Lavani is known as an erotically charged dance form, but the songs make space for irreverent commentary on anything from marriage to the current hot-button topic of the day (think demonetisation, or elections). The lavani dancer embraces unapologetically the pleasures of the body, while never forgetting that what fires up those physical connections is often the mind. Watching Shakubai, in her nine-yard sari and jewellery, move effortlessly from the seductive to the comic and back again, is a treat and an education. Flirtatiousness – of both banter and gesture -- is raised to an art form. One marvels at how Shakubai's feet measure the ground in perfectly calculated strides; how not just her face and hands, but every quivering muscle in her back expresses the chosen emotion; and how expertly her eyes scan the room, selecting a man to cajole, challenge, or mock-disdainfully reject.

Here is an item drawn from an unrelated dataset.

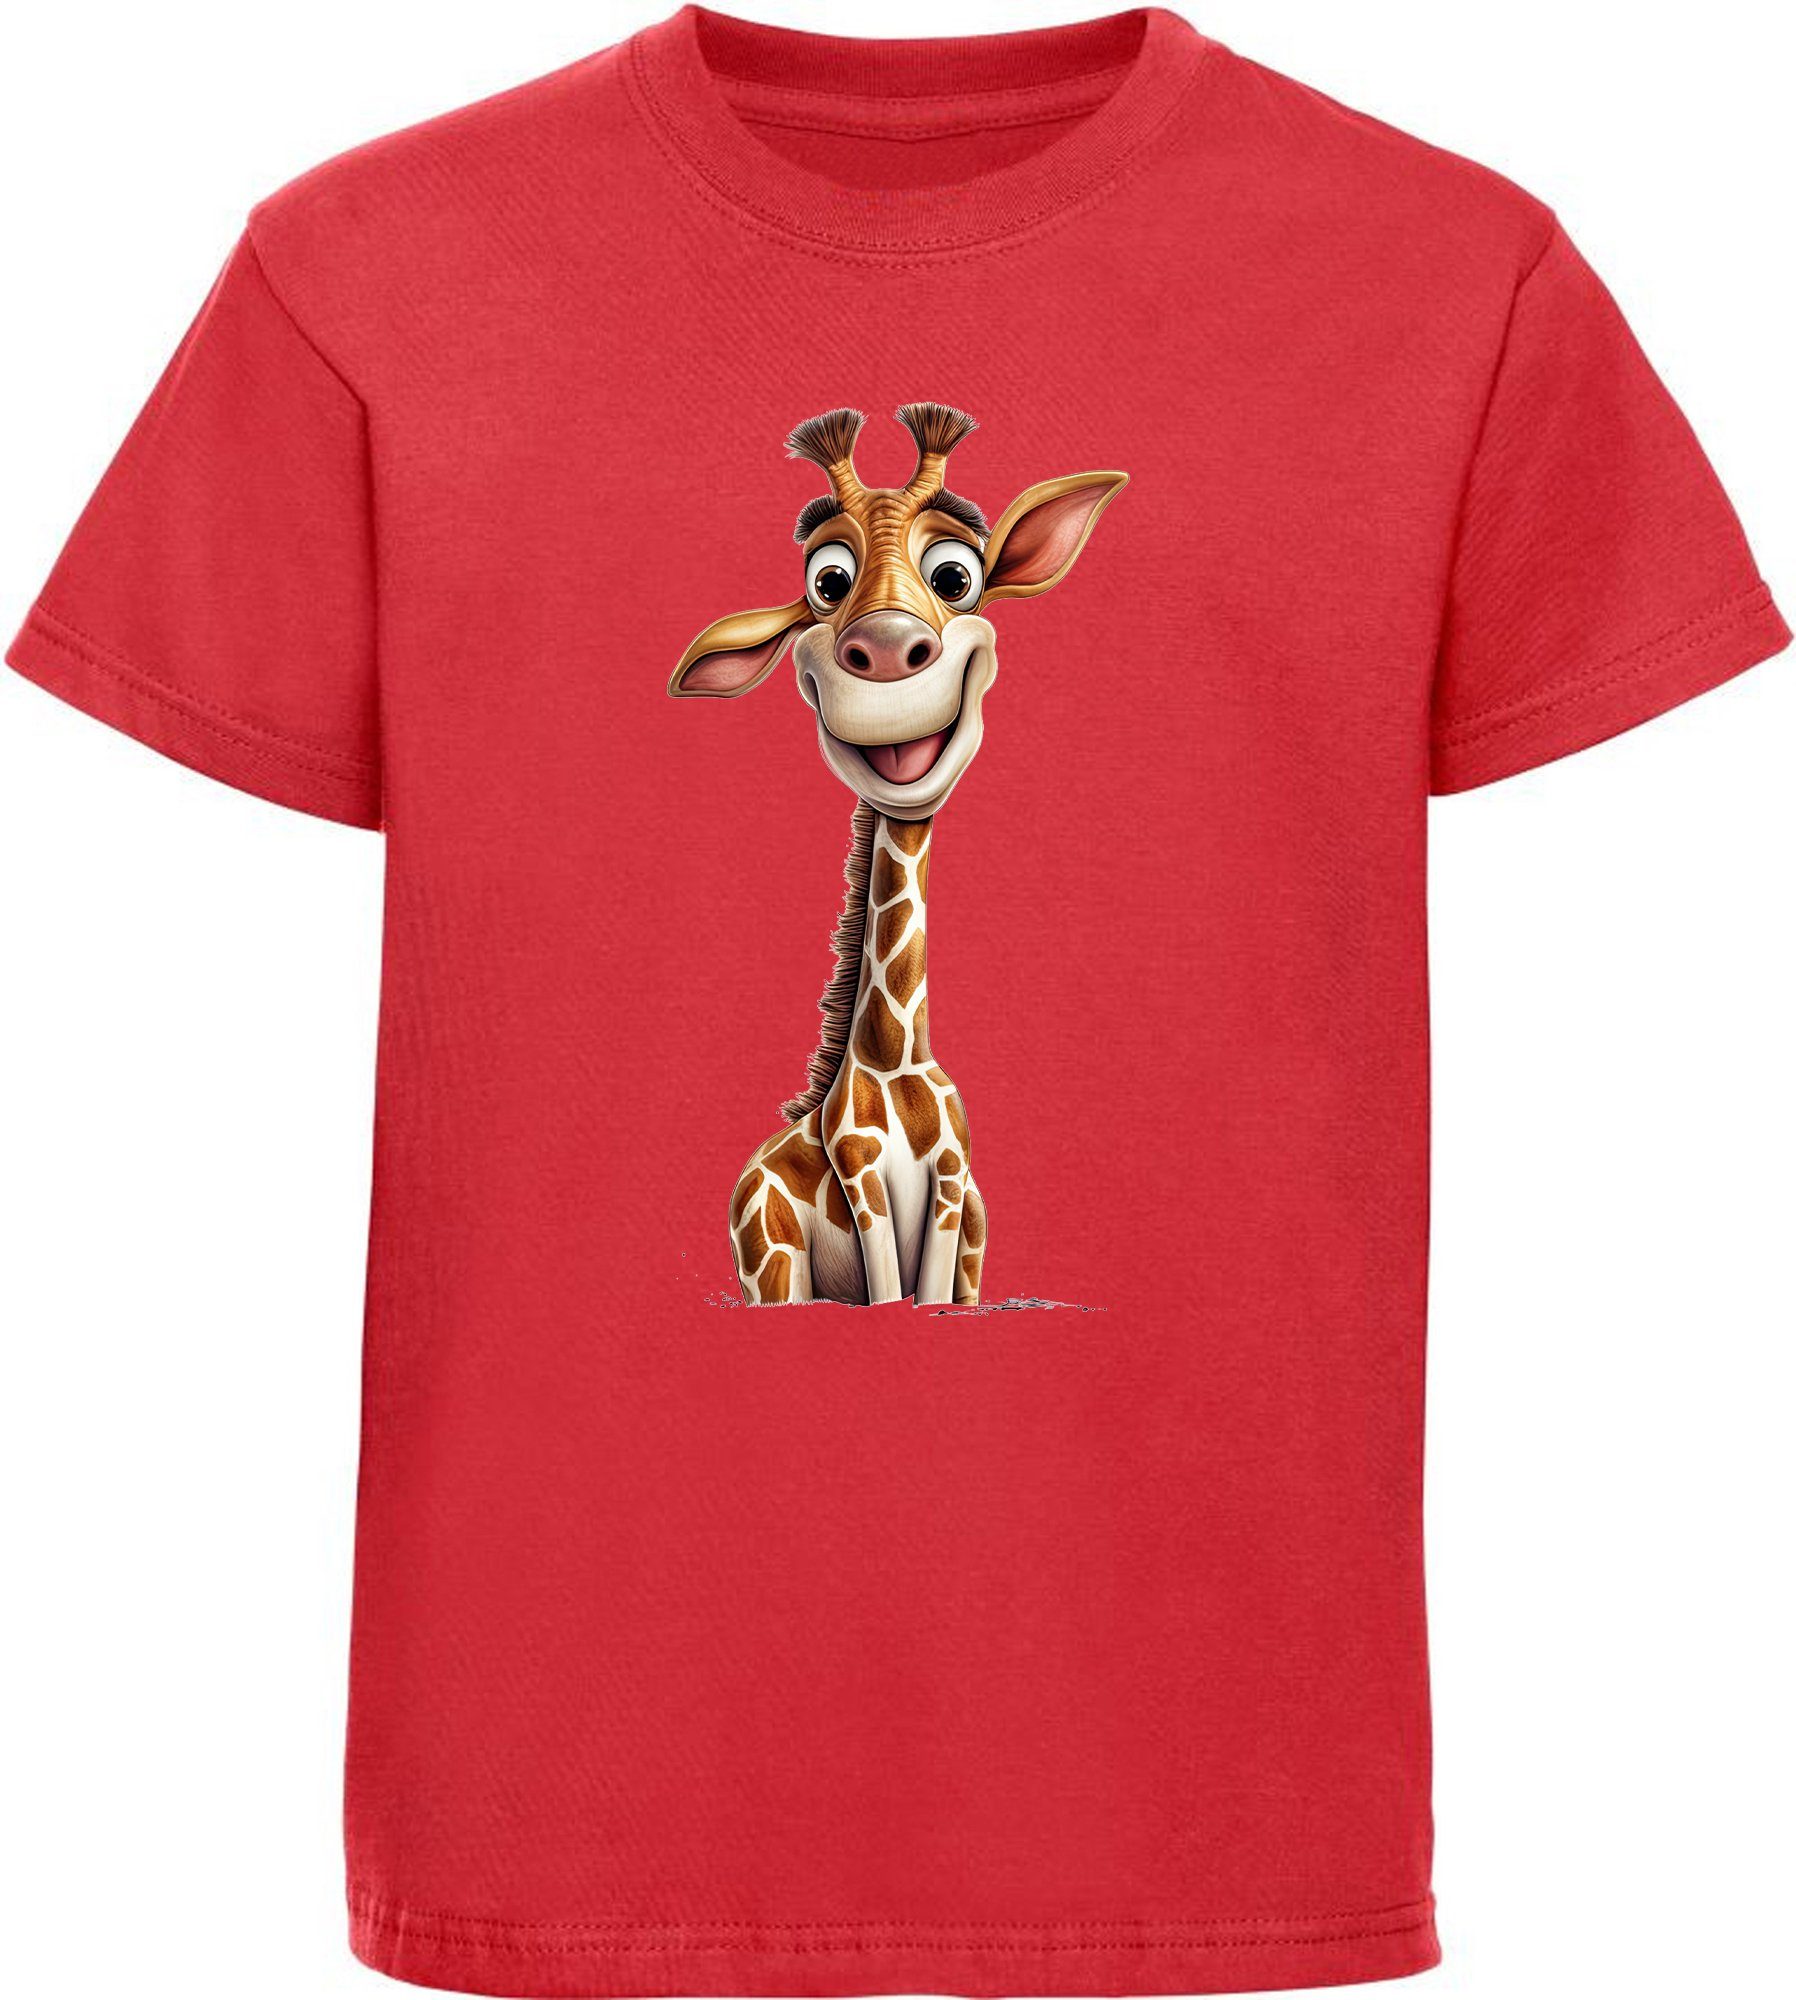 MyDesign24 T-Shirt Kinder Wildtier Print Shirt bedruckt - Baby Giraffe Baumwollshirt mit Aufdruck, i273 rot
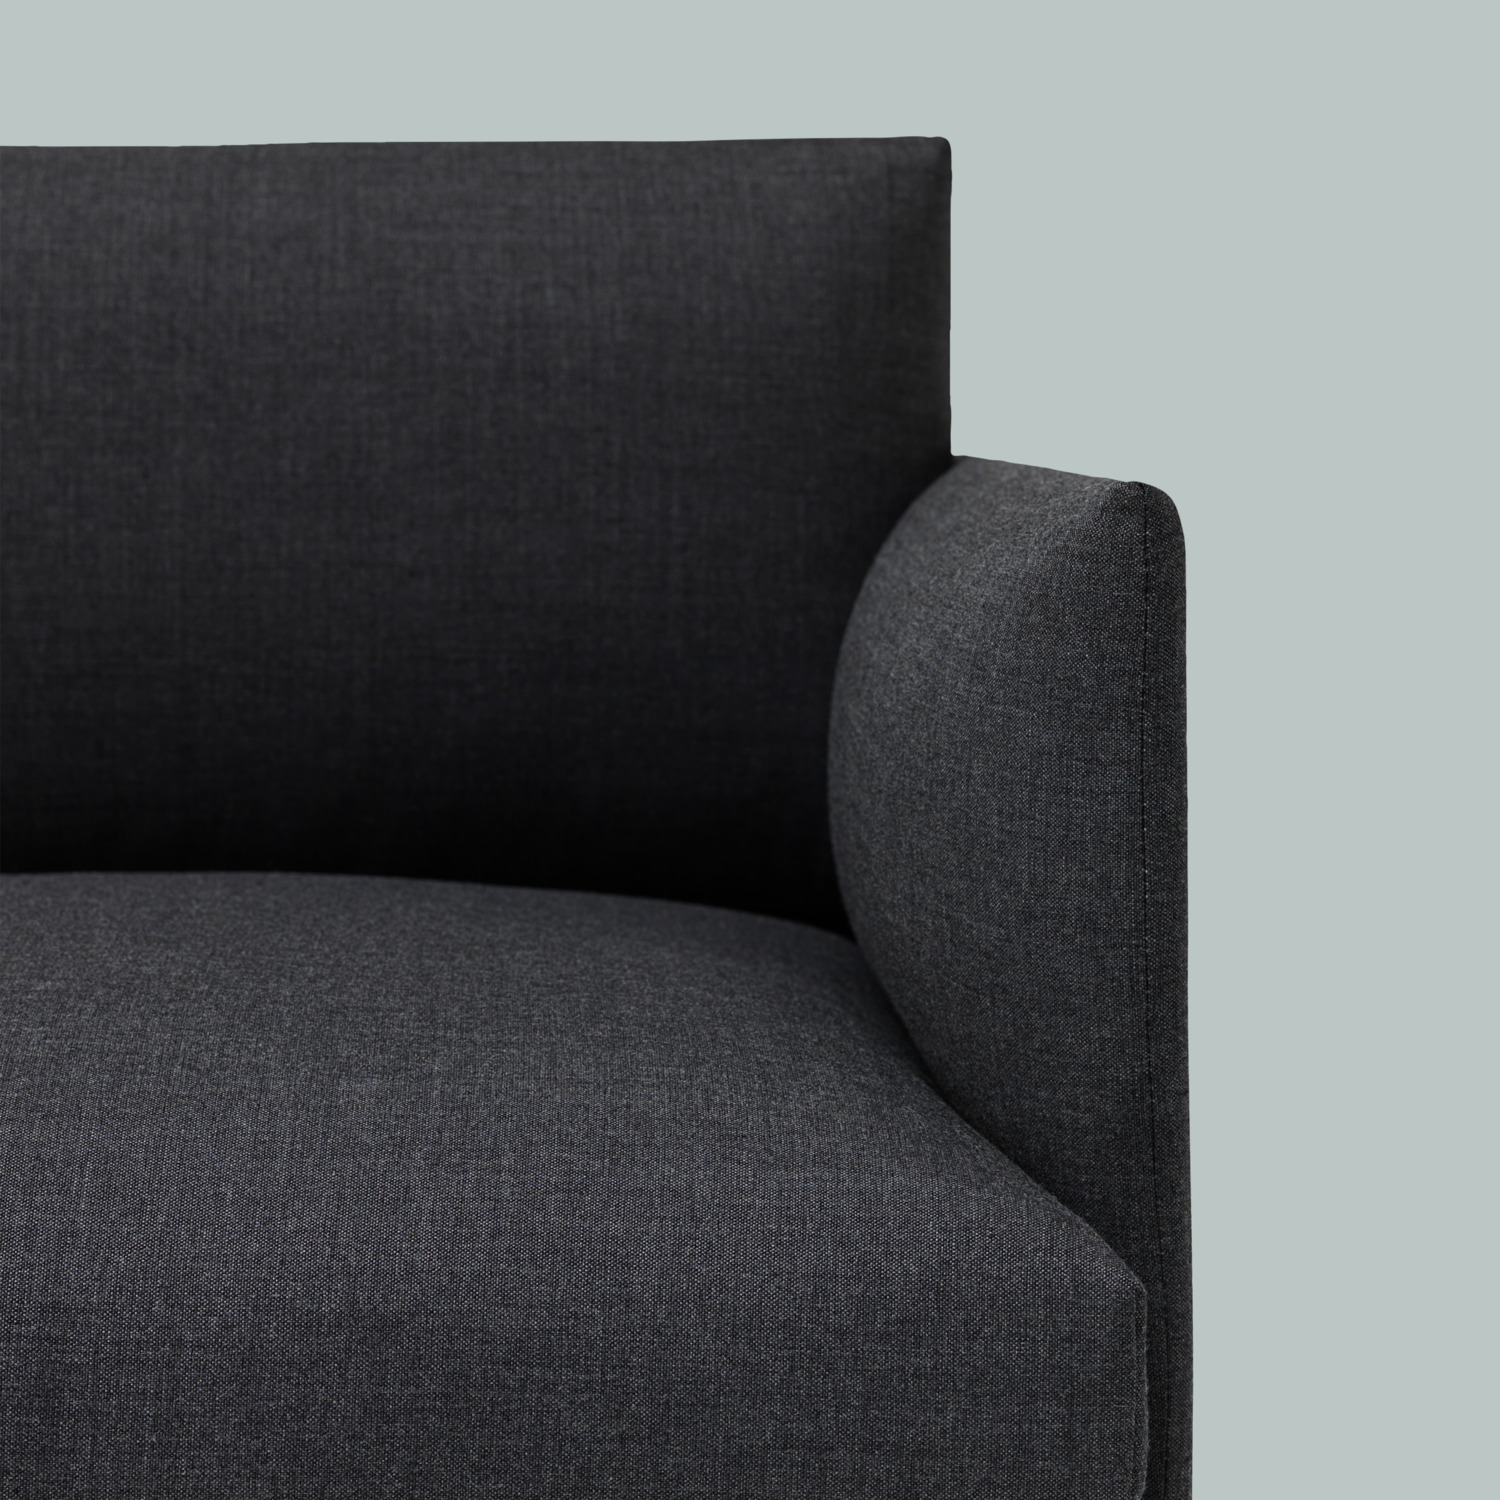 Outline Studio Chair | Compact elegance

This seduction routine – and you can tell that it is in many ways a routine – is integral to the performance of lavani. And yet somehow Shakubai's practised ease is also full of improvisational energy, each eye caught in the audience an invitation to create a spontaneous new moment of intimacy. And although the songs are written by men to be performed for an audience of men, these women of lavani display a frank, joyful embrace of their own sexuality.

Women taking an open-faced pleasure in the erotics of their own selves was also the most delightful aspect of a documentary I saw last week, as it closed the 13th Asian Women's Film Festival, organised in Delhi by the indefatigable India chapter of the International Association of Women in Radio and Television. League of Exotique Dancers (2015), directed for Canadian television by Rama Rau, profiles eight ageing ex-burlesque dancers on the eve of their return to the stage – often after three decades or more – as part of Las Vegas' remarkable Burlesque Hall of Fame. Having worked for decades in what is considered (and perhaps was) – like lavani -- an industry created by men for the pleasure of men, you might be forgiven for imagining that these women would seem embittered, angry or at the very least, exploited. Instead, Toni Elling, Holiday O'Hara, Kitty Navidad, Judith Stein and the others all emerge as unbelievably badass women, with stunning clarity not just about the milieu they agreed to be part of, but also about what their work meant to them.

Each woman's journey was different. For Navidad and Elling, the move into burlesque was partially because of the frustratingly low-paid, boring assembly-line jobs their gender and class had equipped them for. Once on stage, though, they enjoyed themselves. “All those years I had worked as a waitress, a telephone operator, you know? But I found myself on stage, and I know who I am now,” says the Detroit-born Elling, among the first black women to be a burlesque dancer.

For O'Hara, who had spent her childhood as the nerdy 'ugly' girl damaged by self-doubt about her attractiveness, being publicly admired for her sexual, sensual identity was liberating. “With dance I got to recreate myself. It allowed me the opportunity to reclaim my body. And that healed my mind, too.” Meanwhile Judith Stein, whose feminist friends disapproved of her becoming an erotic dancer, has no doubt that her choice empowered her. “Feminism [for us] wasn't about not shaving your legs. Feminism was about shaving your legs and working in a bar and working as a 'sex object' and knowing that you were. And not trading your soul and your pussy for a wedding ring,” says Stein, unflinching.

The theme of financial independence comes up repeatedly. But equally significant is these women's aura of sexual confidence. “I refuse to believe the men were in charge here,” says O'Hara. “No-one's there to BS you. You're BS-ing them,” says another dancer. “Being a stripper, or being a sex trade worker, that has been the job... open to women through the ages. The belly dancer, the flamenco dancer... it was about being sexual, being able to be comfortably display their sexuality. And that's strong,” says Stein.

Sexuality, the film persuades us, is as legitimate a part of a woman's identity as her mathematical skills, or her talent for answering phone calls. And given that the world is what it is, why should using one's erotic skills – and indeed, developing them more fully to give pleasure to one’s self – not be something to celebrate? The body is not everything. But we have insisted for far too long that it ought to be nothing.


Published in Mumbai Mirror, 17 Mar 2017.